***** Supplied data *****

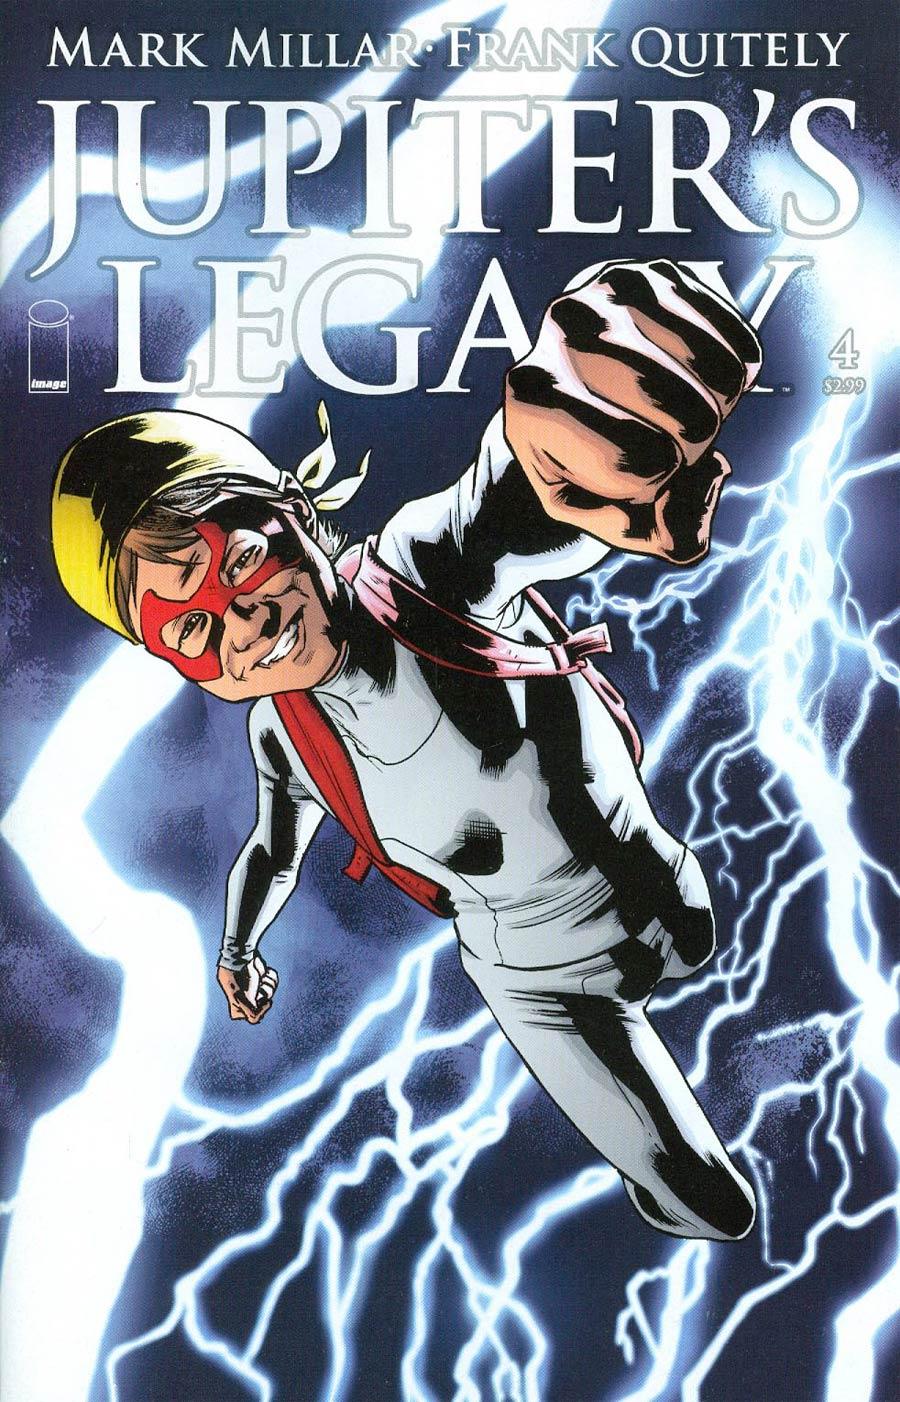 Jupiters Legacy #4 Cover B Bryan Hitch
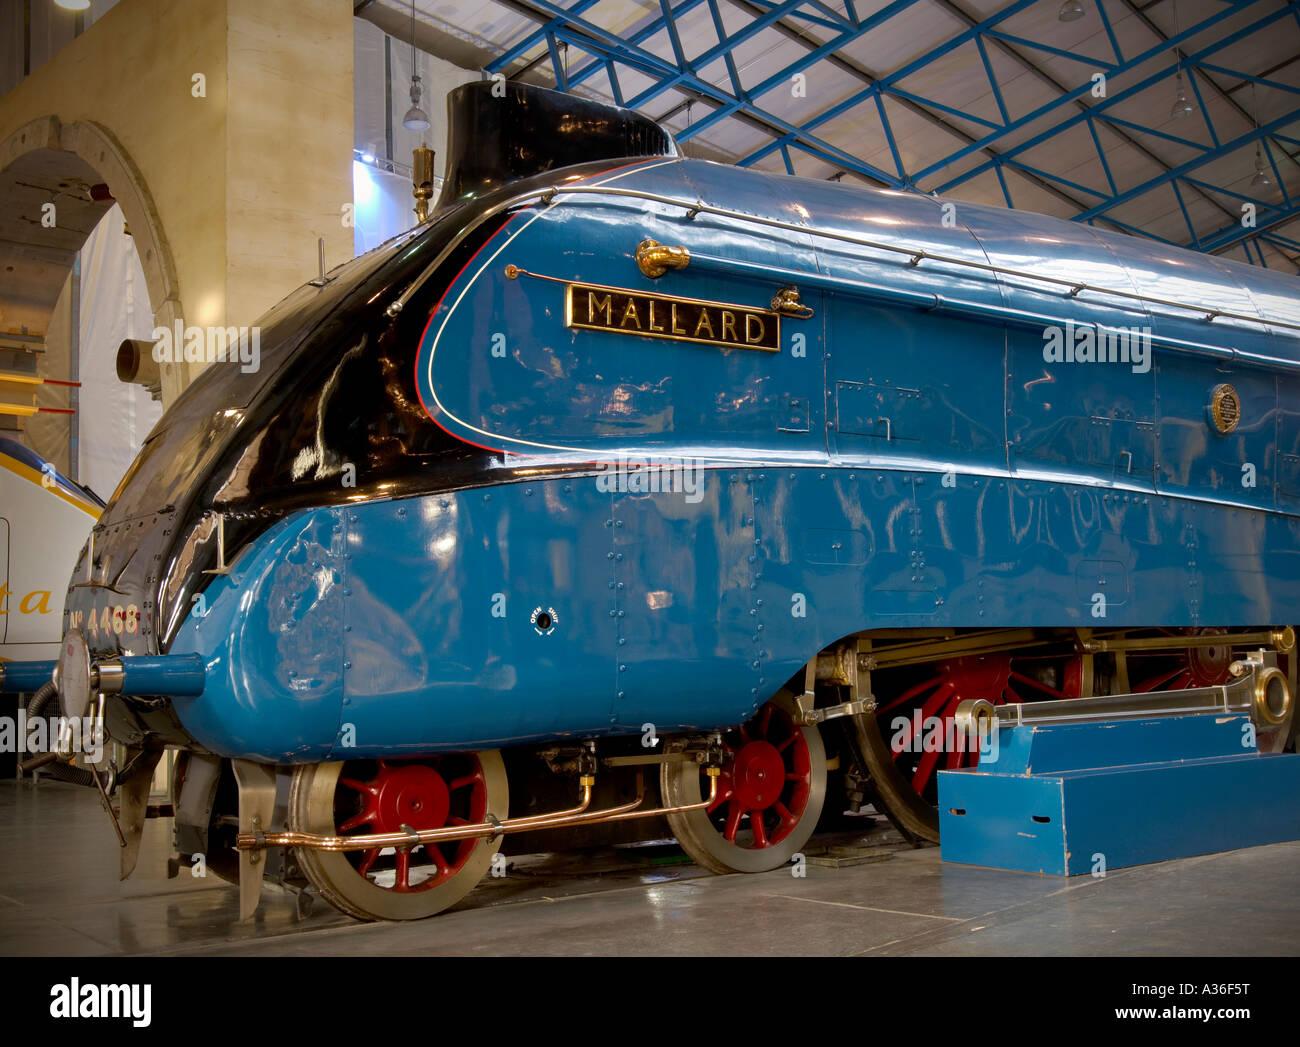 Horizontal photo of Mallard steam train at National Railway Museum York UK Holder of speed record in 1930s - Stock Image
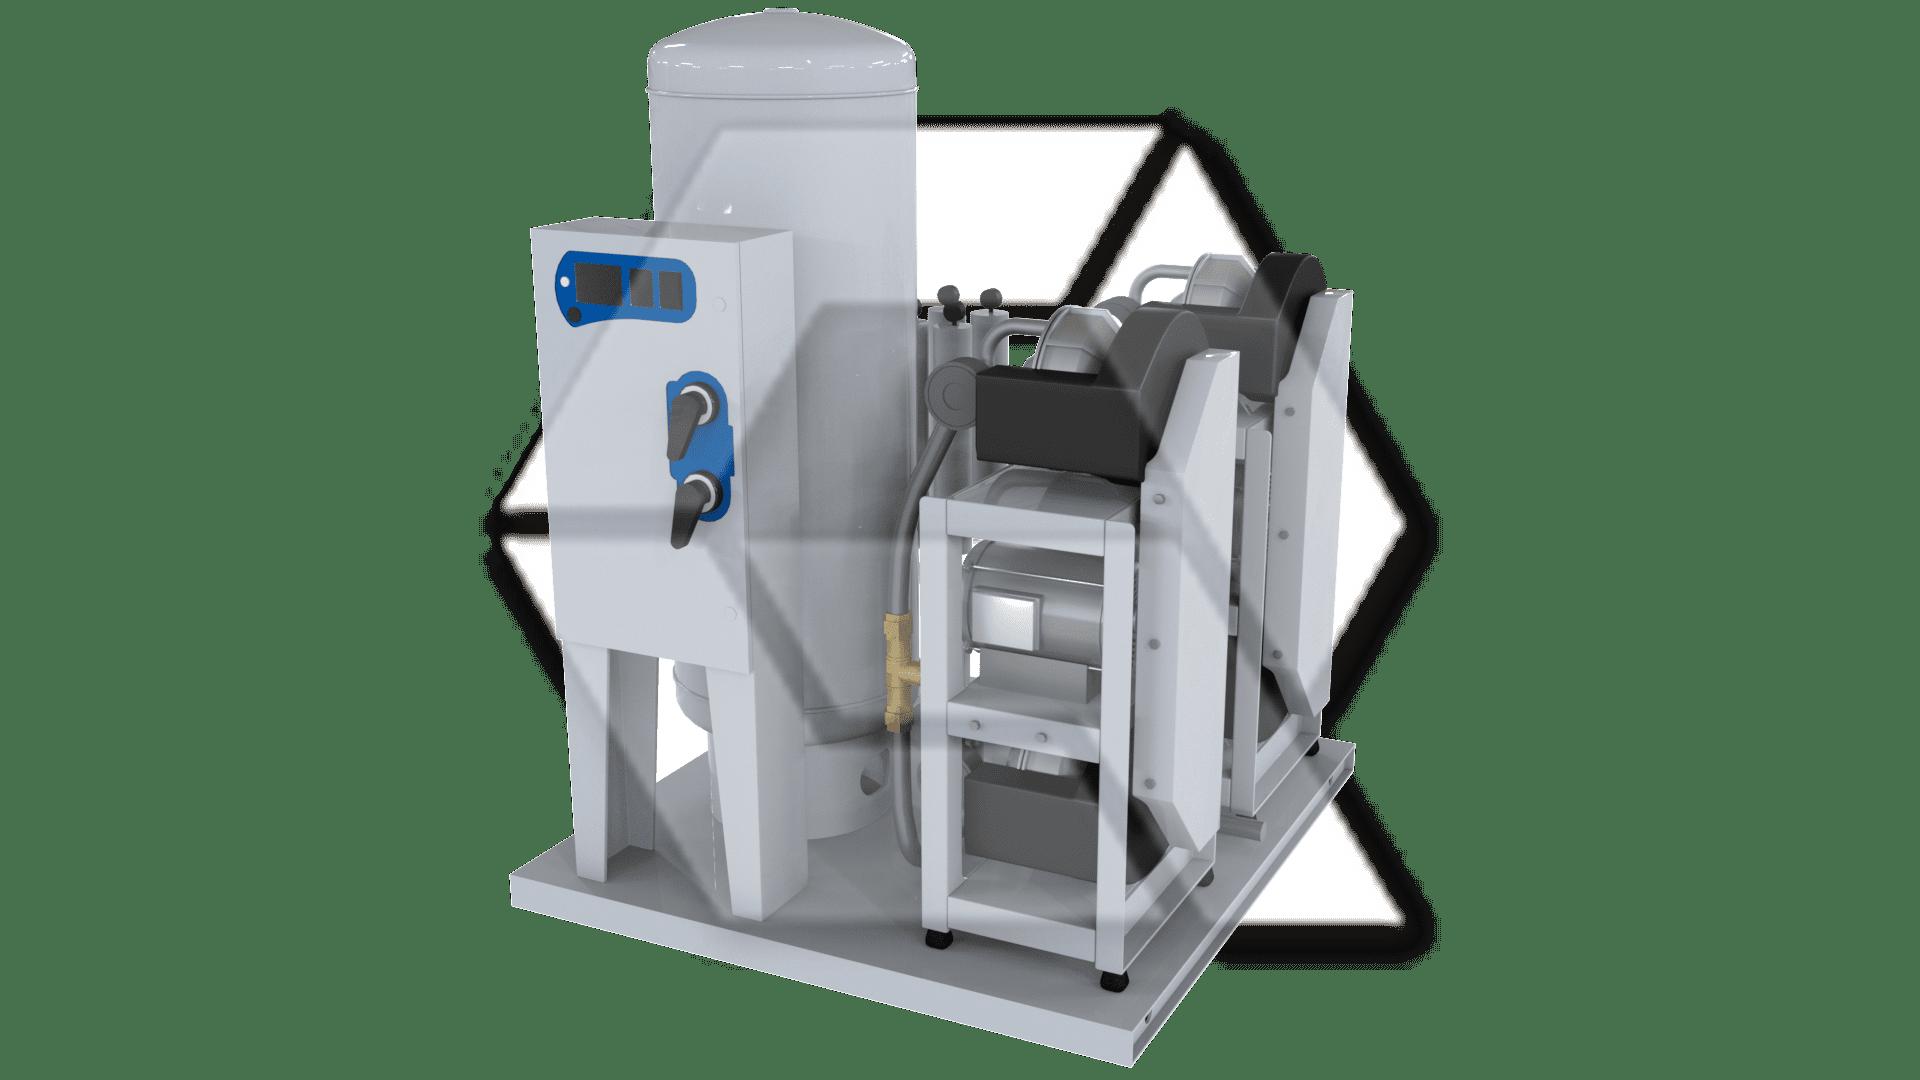 Beacon Medaes Compressor 10 HP Duplex
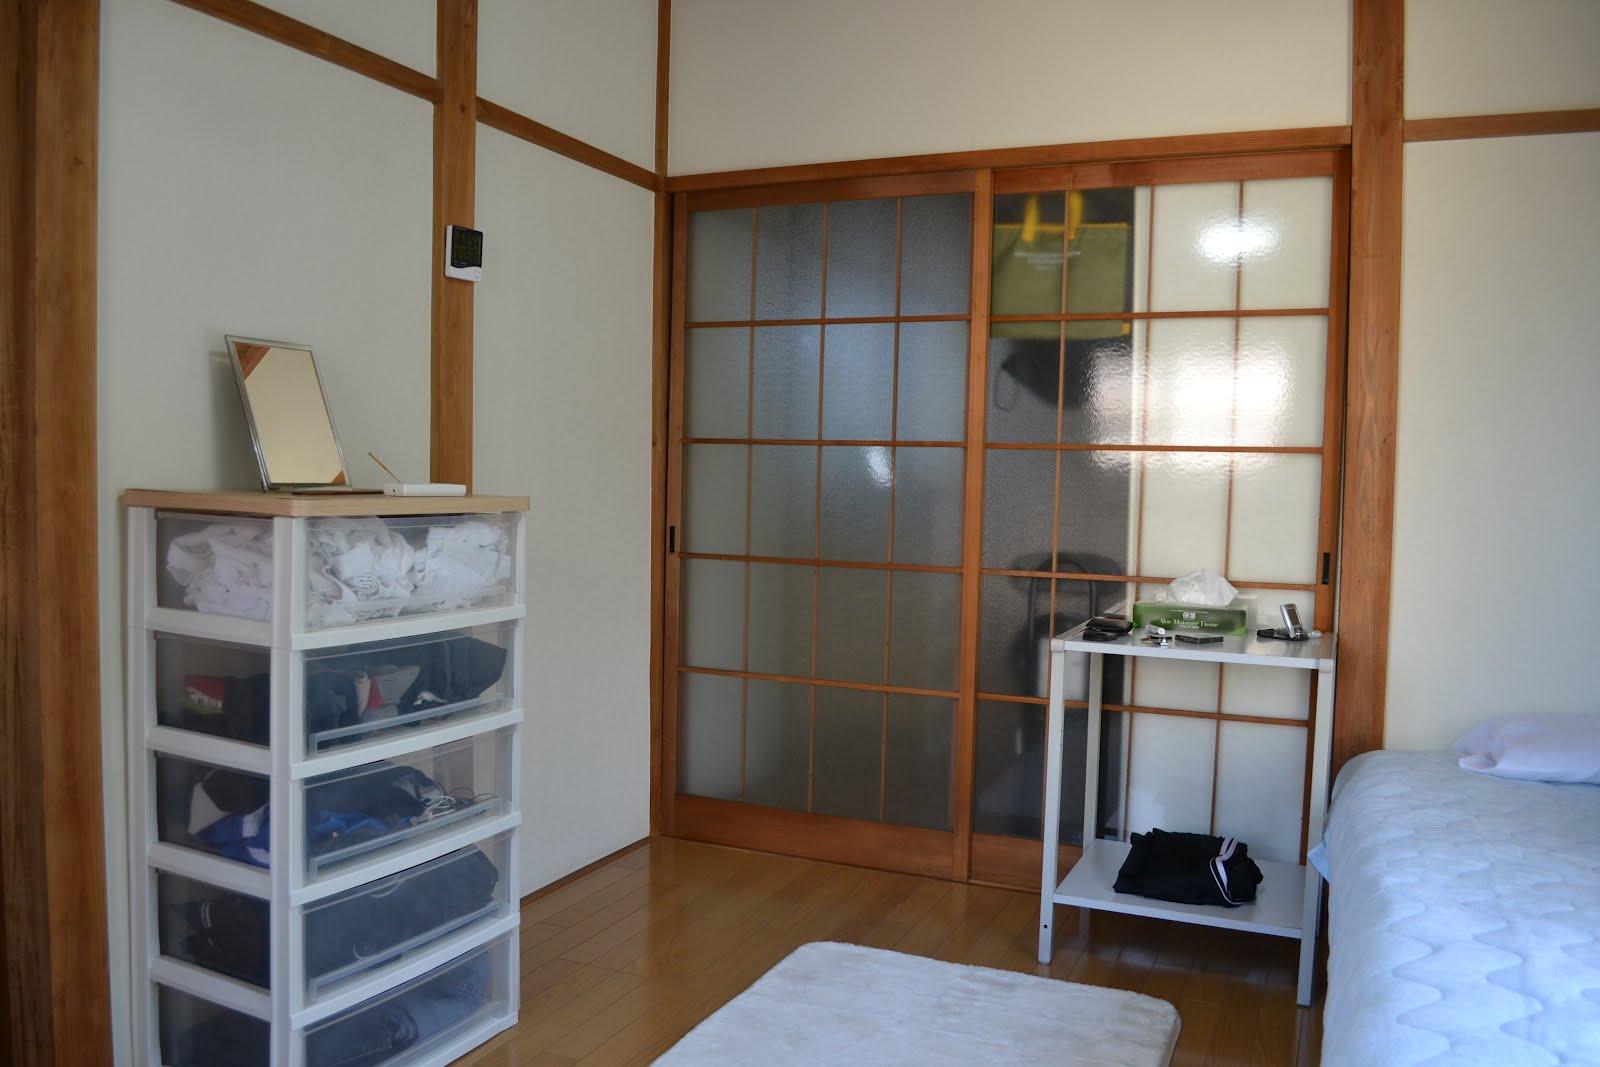 Home Priority Traditional Japanese Shoji Sliding Doors

*****

◆ Work item: The whole listing should be restated word for word, with no pictures.

◆ Answer for this exercise:
 Jupiters Legacy #4 Cover B Bryan Hitch
 Horizontal photo of Mallard steam train at National Railway Museum York UK Holder of speed record in 1930s - Stock Image
 Beacon Medaes Compressor 10 HP Duplex
 Home Priority Traditional Japanese Shoji Sliding Doors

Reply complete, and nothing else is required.